KOBİDER BAŞKANI Nurettin Özgenç:
Ticaretin önünü kestiler
28 Şubat sürecinde sermaye renklendirildi. Esnaflar kebapçı dahil fişlendi. Ticaretin önü kesildi. O dönemde birçok kuruluşa Ülker'den alışveriş yapmayın dendi. Gayri nizam oluşturuldu. İnsanların hür iradesiyle alışveriş yapması engellenmek istendi. Halkı ve esnafı ikiye ayırmaya çalıştılar. 28 Şubat'ın hemen devamında 2001 krizi geldi. Burada birçok banka battı, Türk ekonomisine milyarlarca lira zarar yazıldı, ülke geriye gitti. Sıkıntıyı yeni yeni üzerimizden atıyoruz. Türkiye bugün dünyanın 10 büyük ekonomisi arasına girememişse bana göre bunun en önemli nedenlerinden biri demokrasinin kesintiye uğratılmasıdır. 28 Şubat'ın sivil toplum kuruluşları özür dilemeliler.

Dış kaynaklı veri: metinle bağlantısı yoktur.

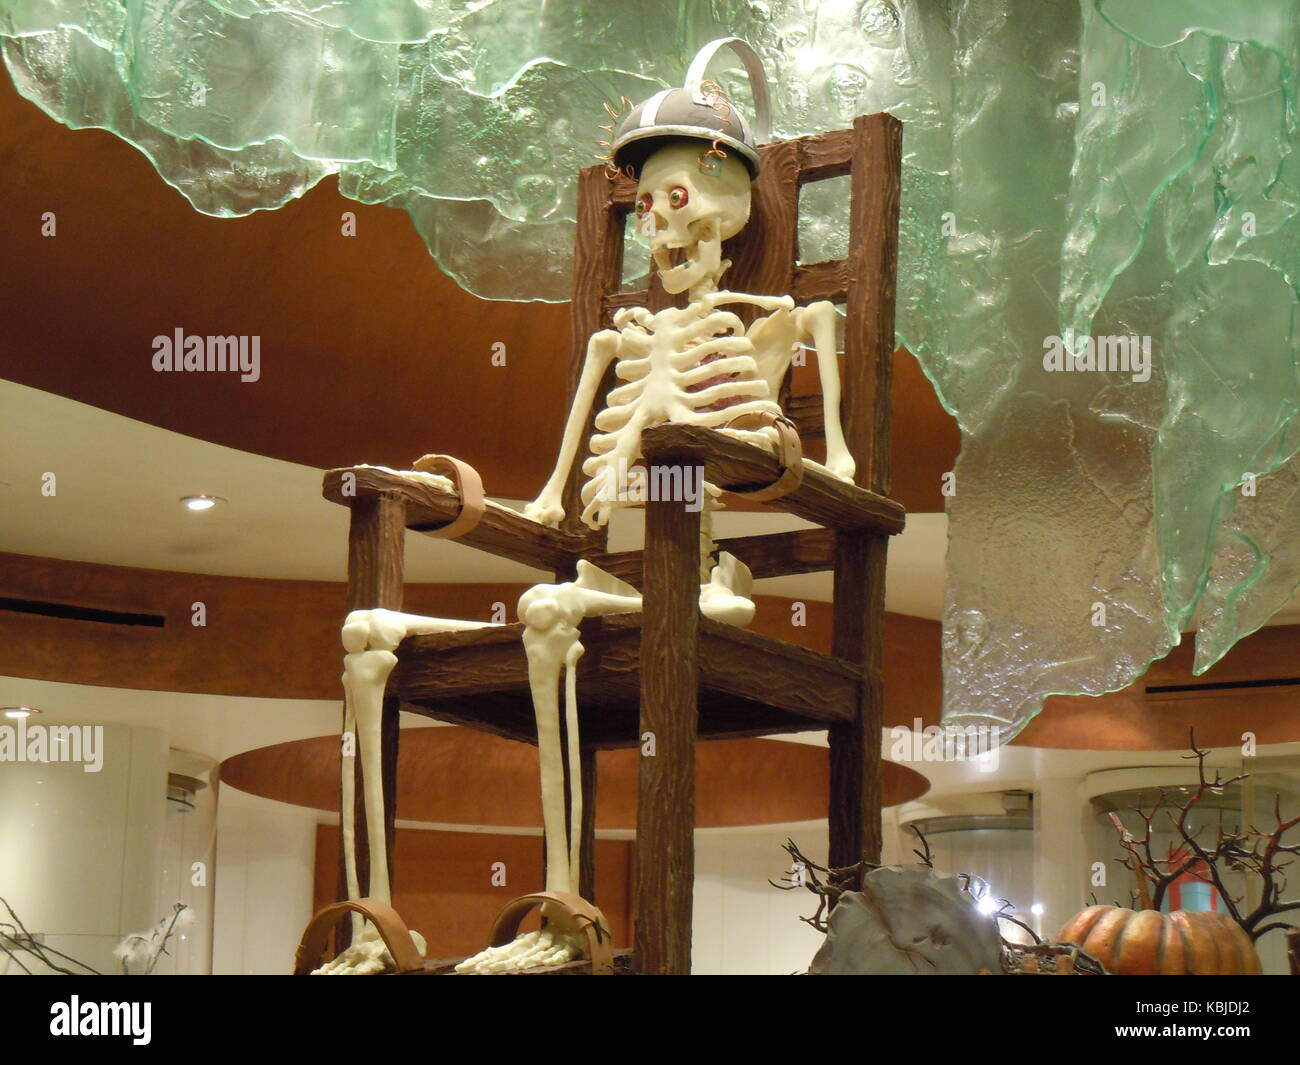 A skeleton sitting in an electric chair Stock Photo

ASKON Başkanı Mustafa Koca:
300 milyar dolar zararı oldu
28 Şubat'ın Türkiye ekonomisine 300 milyar dolarlık zarar olarak yansıdığını düşünüyorum. Darbe Şubat 2001'deki krizin de altyapısını oluşturdu. Dolayısıyla darbenin ekonomik ve sosyal maliyetlerini hesaplamak güç. Sanki bazıları Türkiye'nin yürüyen ekonomisini durdurdu. İrtica brifingleriyle sudan sebeplerle ülkede gerginlik yaratıldı. Ülke ekonomisini ayakta tutmanın rolü moraldir. Sermayedeki paranın rengi olmaz. O gün yeşil sermaye diye bizi fişleyenler bugün vatan millet sevgisinden başka bir niyetimiz olmadığını gördü.